**STORED DATA**
▬▬▬▬▬▬
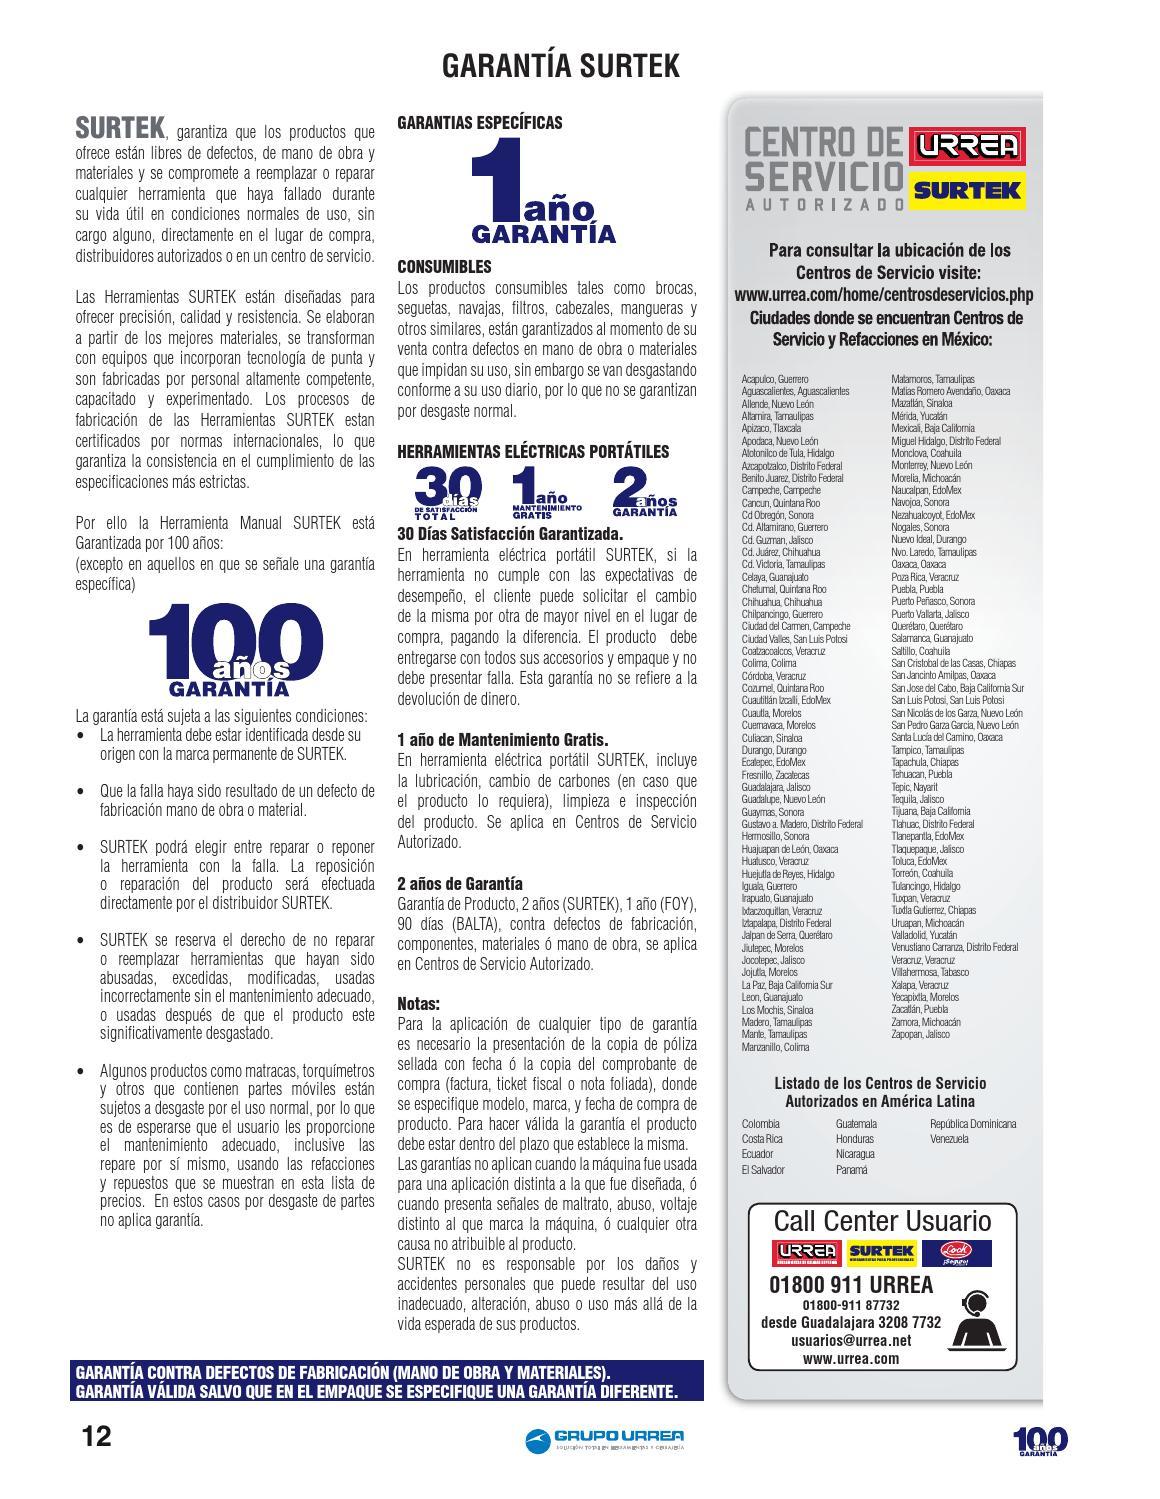 Catalogo De Herramientas Surtek Pdf
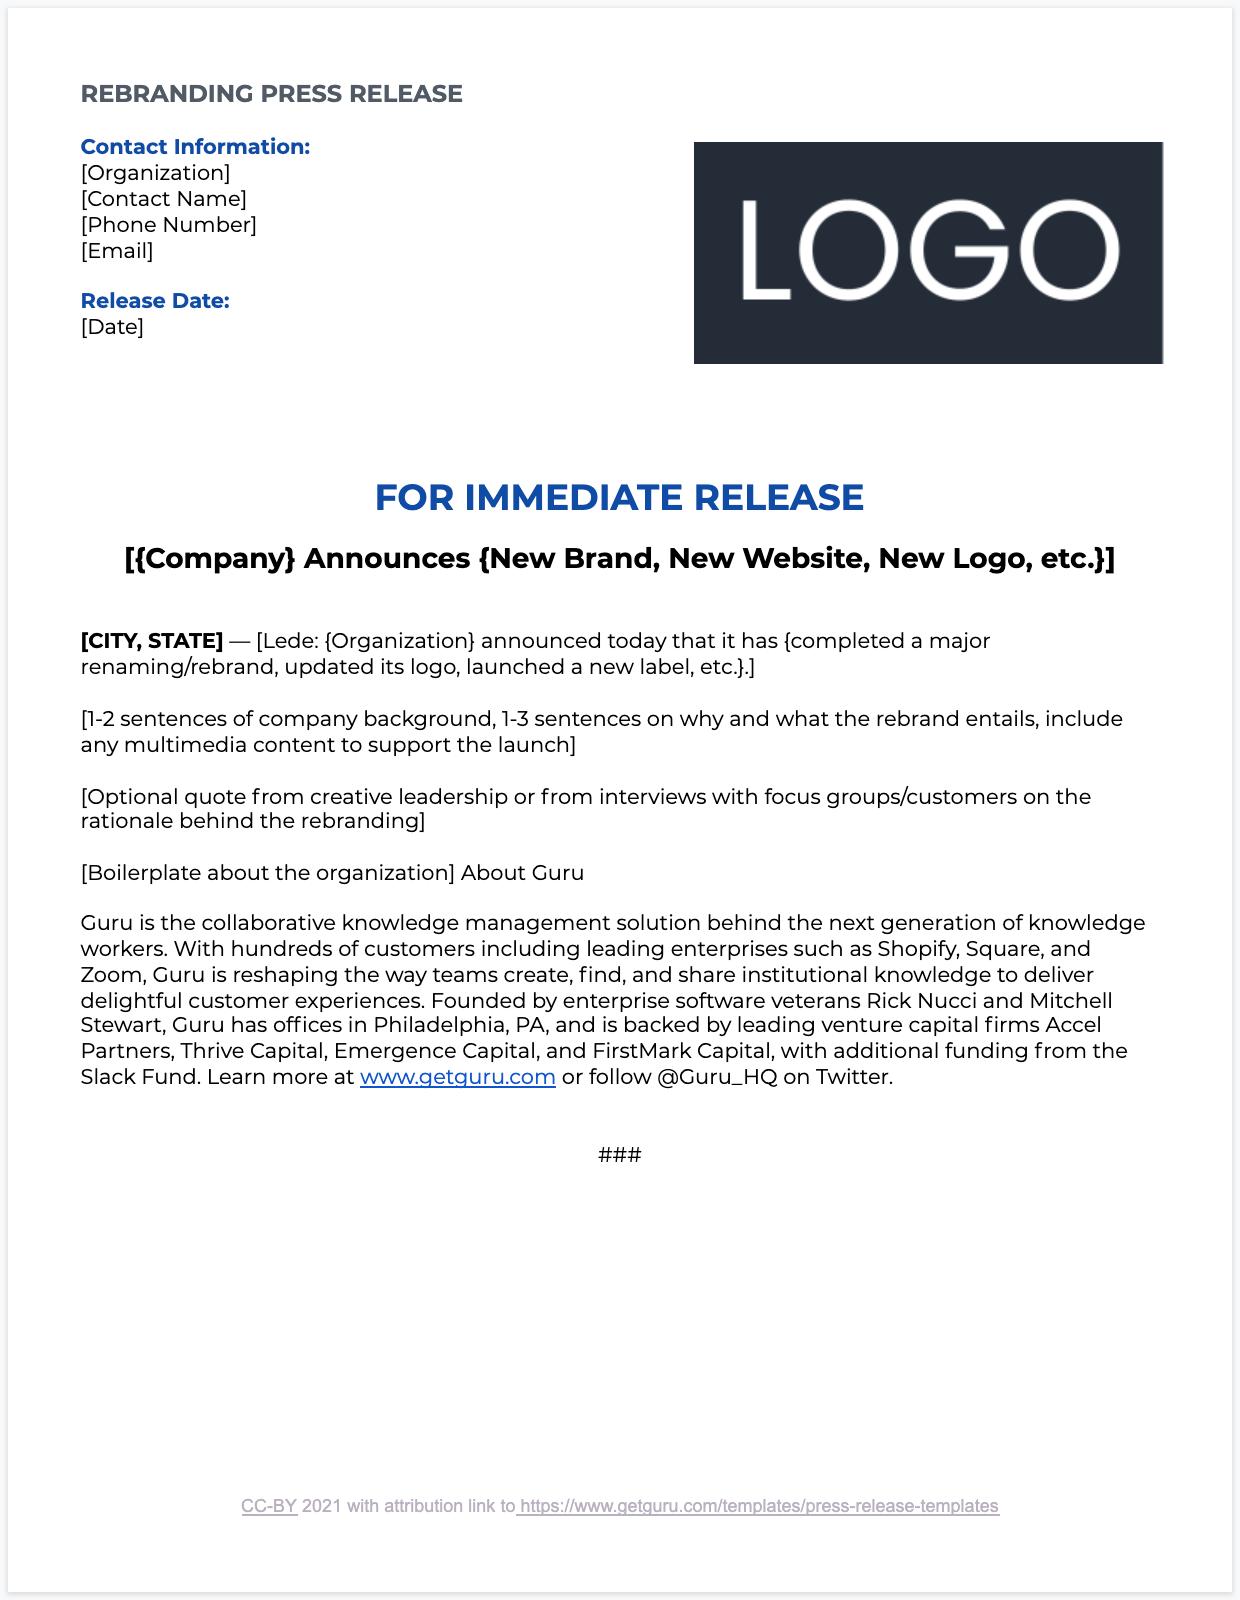 Rebranding Press Release Overview
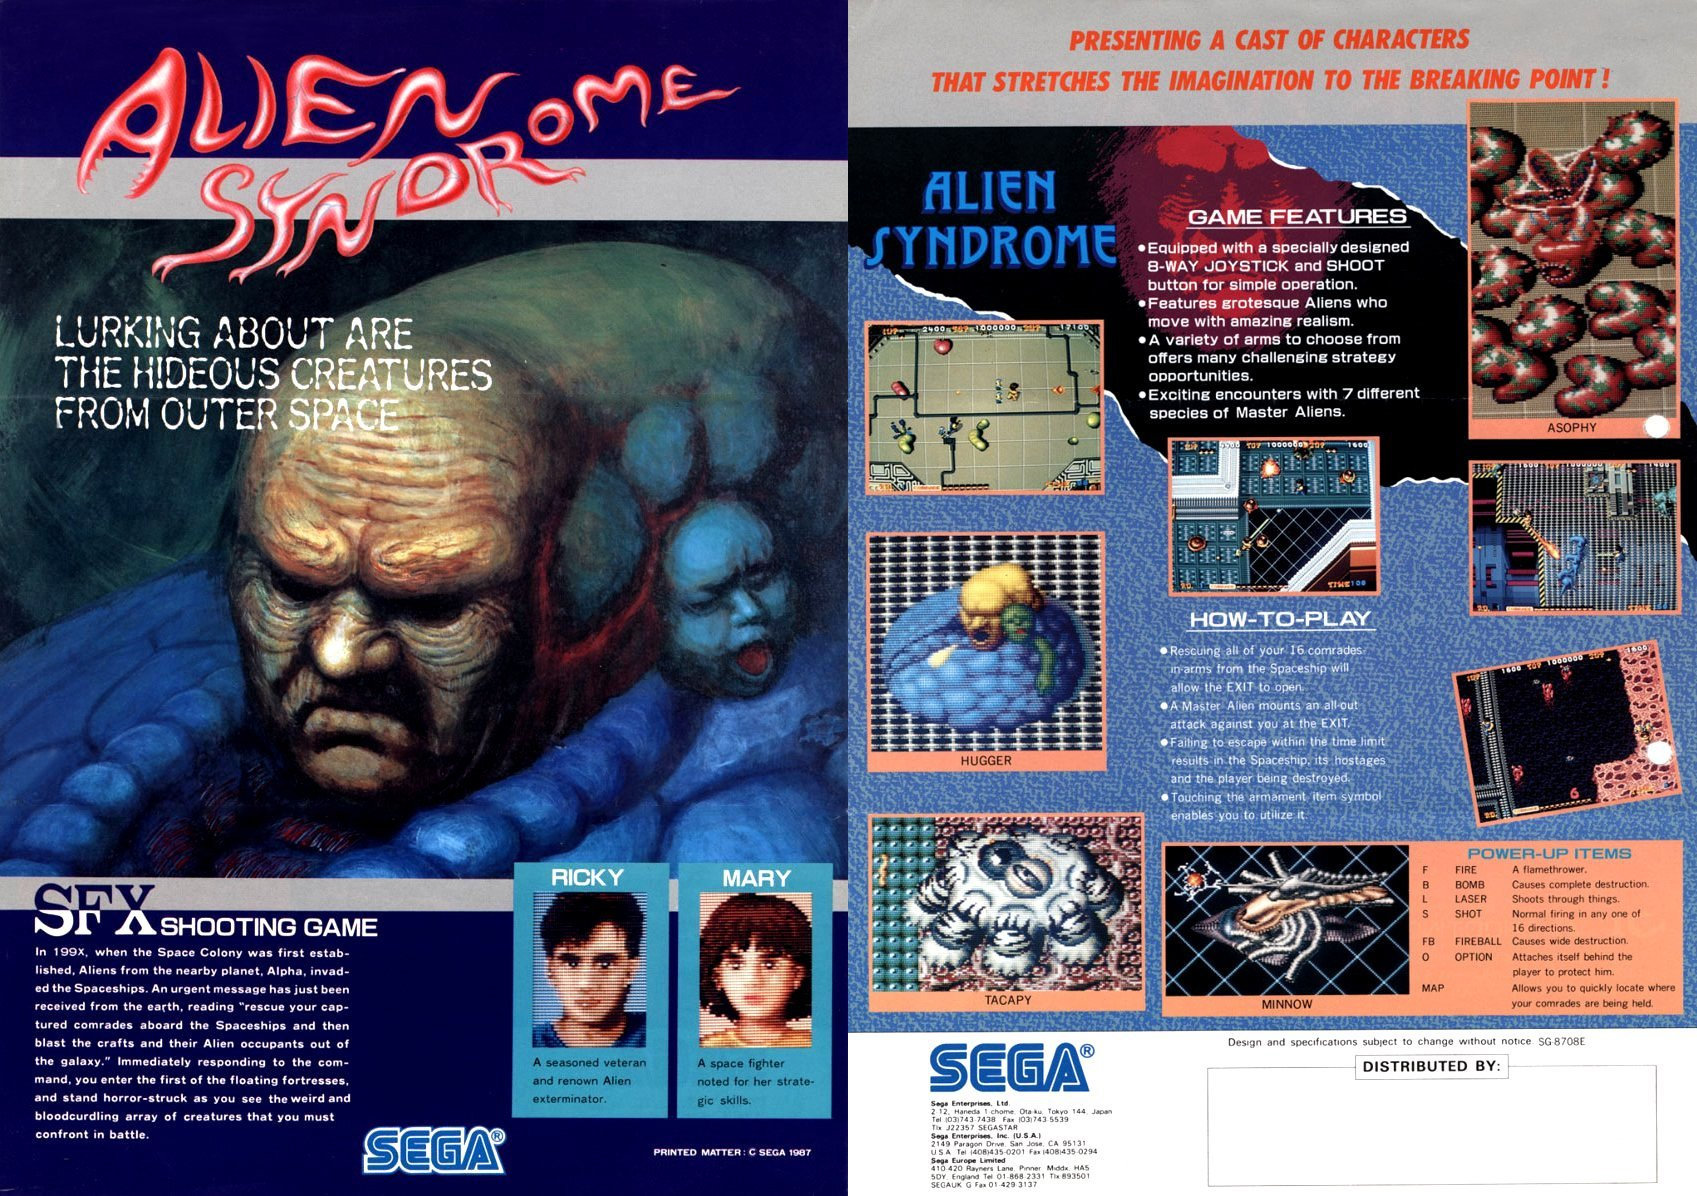 Alien Syndrome (1987)
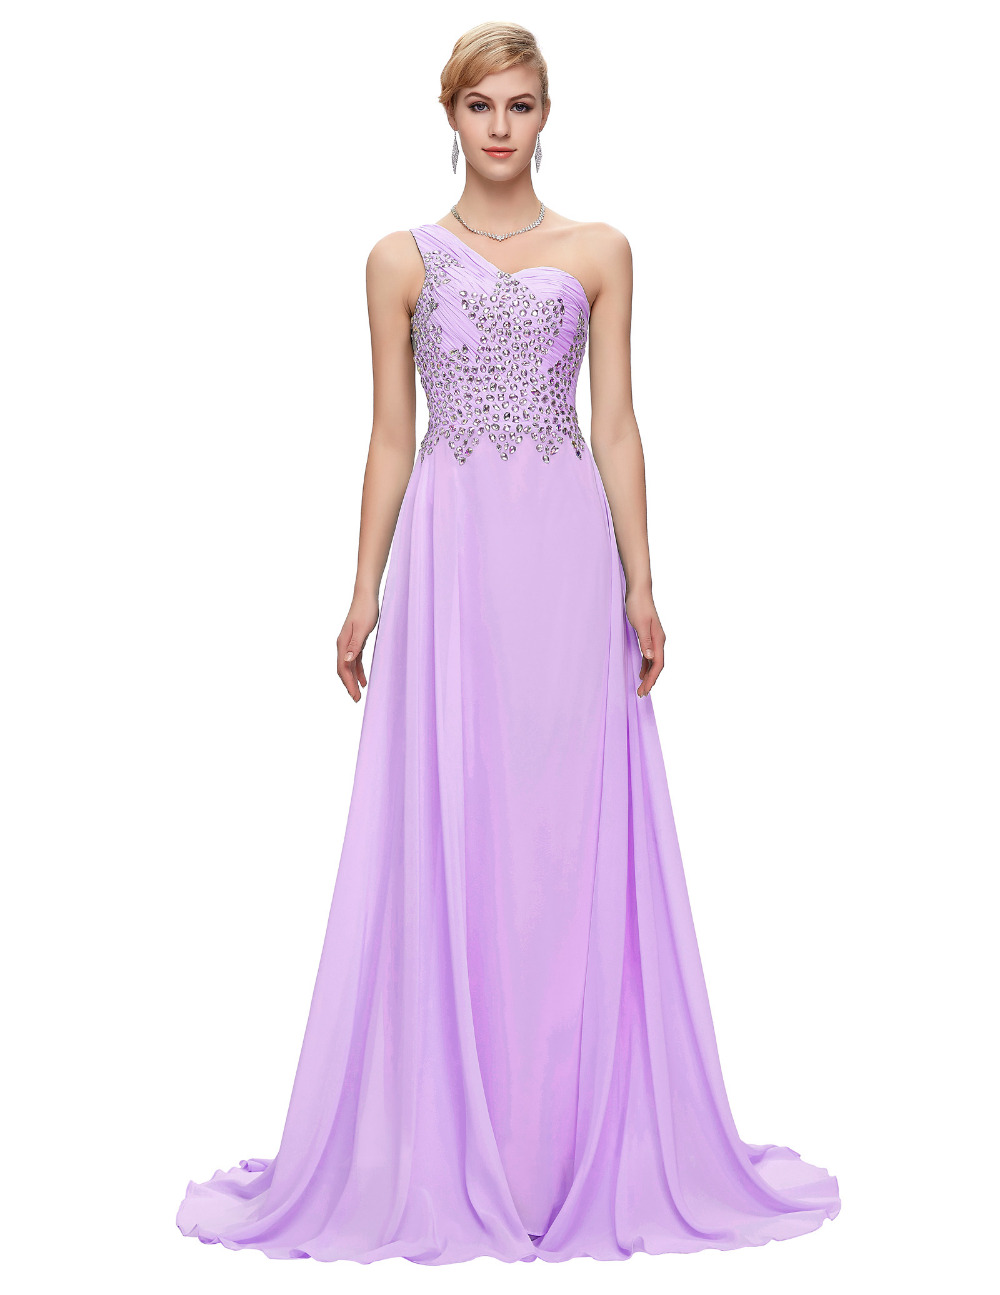 Light Pink And Navy Blue Bridesmaid Dresses - Flower Girl Dresses
▬▬▬▬▬▬
**YOUR OBJECTIVE**
Once you find the line that contains "Rebranding Press Release Overview", give it again along with every later line through the end of the data, word for word, minus the pictures.

**ANSWER TO THIS PROBLEM**
 Rebranding Press Release Overview
 Alien Syndrome (1987)
 Light Pink And Navy Blue Bridesmaid Dresses - Flower Girl Dresses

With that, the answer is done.